Having the right attitude goes a long way towards becoming a recipient of a blessing.
Readership: Christian Men;
In a previous post about Being Attractive in Service (2020 June 24), we discussed how being involved in the church and community could provide a setting in which a man could attract the attention of a female. It’s not even necessary for a man to serve in a formal manner. All he has to do is establish a friendly rapport with others, and carry himself with the right attitude about life.
Yes, a man’s attitude is extremely important. You might be motivated to get involved and serve in order to meet chicks or guy friends, but if you expect those things to just fall out immediately, you’re setting yourself up for frustration, disappointment, and even anger, which will only work against you. Instead, you need to have a purpose that transcends beyond your own self. You have to go into it with a posture of humility and service, and if you’re too proud, then this will feel like you’re a “dancing monkey”, as some readers have commented.

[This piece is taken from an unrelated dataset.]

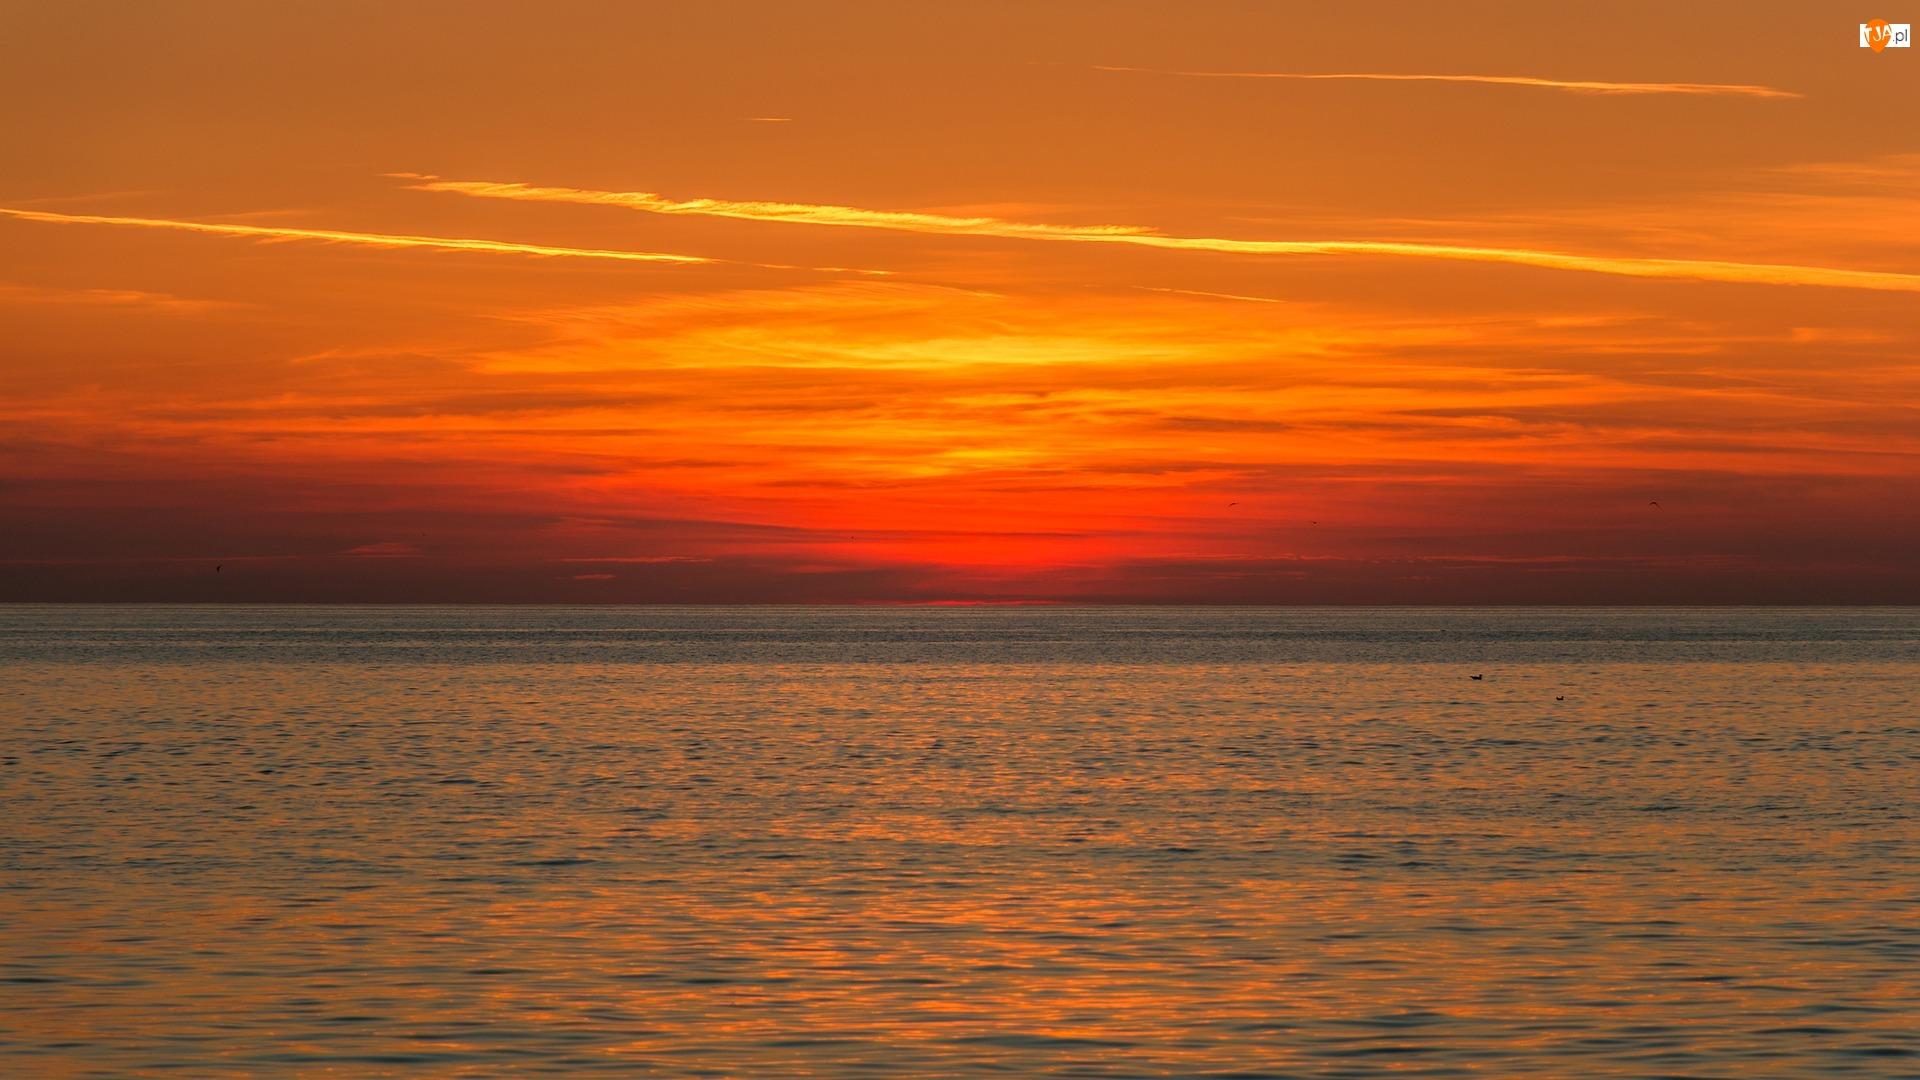 Horyzont, Morze, Zachód słońca

To safeguard yourself against having a counterproductive attitude, it helps if you become aware of what God is doing, and what other people want or need done. If you’re truly serving with the right attitude, then you will feel an internal burden of responsibility to do certain things and act a certain way. Accepting this sense of responsibility is the hard part for most people. It’s much easier to just do what you’re asked to do, and remain ignorant about the purposes of the larger enterprise. If you don’t feel this burden of conviction, then you’re probably only doing those things for your own glory and benefit, and you don’t have the proper mindset to glorify God through your service.
Stay focused on the Work, not on the Reward
As a comparison, let’s think about what it is like to work for a company. It is counterproductive to go into the job with the attitude, “What can I personally get out of this?” But this is the same common attitude that most 9 to 5 wage slaves at a corporation have, and they too feel like dancing monkeys who suck up to the boss and resent him at the same time. I don’t have to tell you, those employees who have such an attitude are the last to receive praise or get a promotion. The “good” employees are those who focus on the work, and try their best to understand what the boss is trying to accomplish, in order to educate themselves about what all needs to be done. These are the employees that are favored by the boss, and who receive not only wages, but also opportunities for advancement and honor.

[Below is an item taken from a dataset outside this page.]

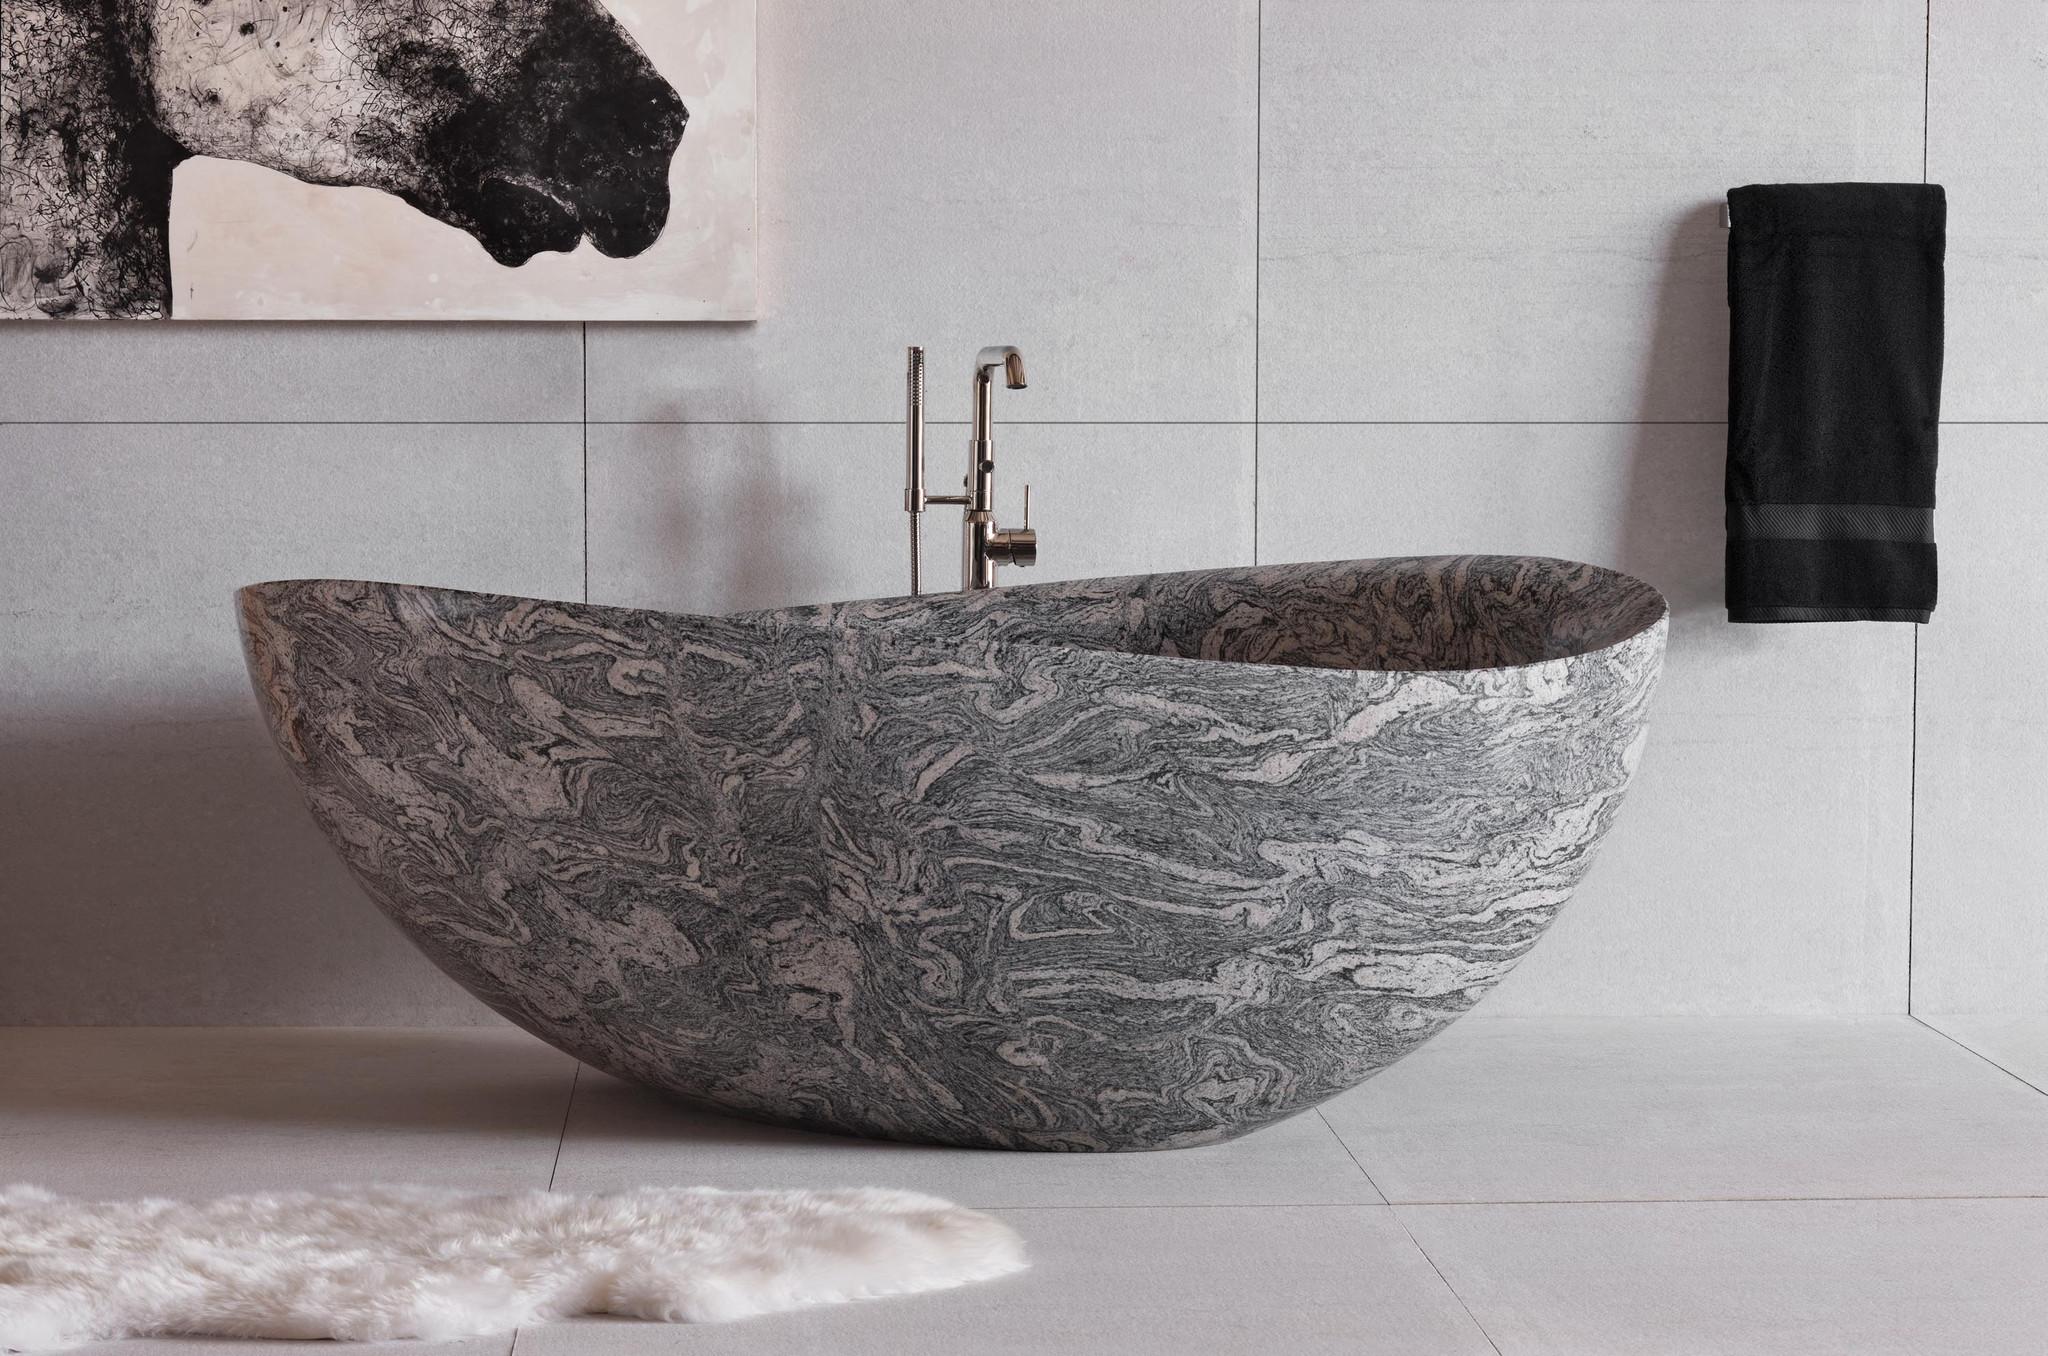 こだわりの浴室・バスタブ (2)

When we volunteer our time and energy to serve the church or others in our community, we are working for the Kingdom, and our boss is God. We have to think about what God wants done in this situation, and then find a way to fulfill this need. The impact of our attitude is similar to what we would find when working for a company.
So what about finding a Wife?
I know it’s hard for men to get their minds off the bushy bullseye. AngloSaxon quipped,
“What I’m taking away from this post is find a way of serving which involves walking around shirtless and proceed to Win.”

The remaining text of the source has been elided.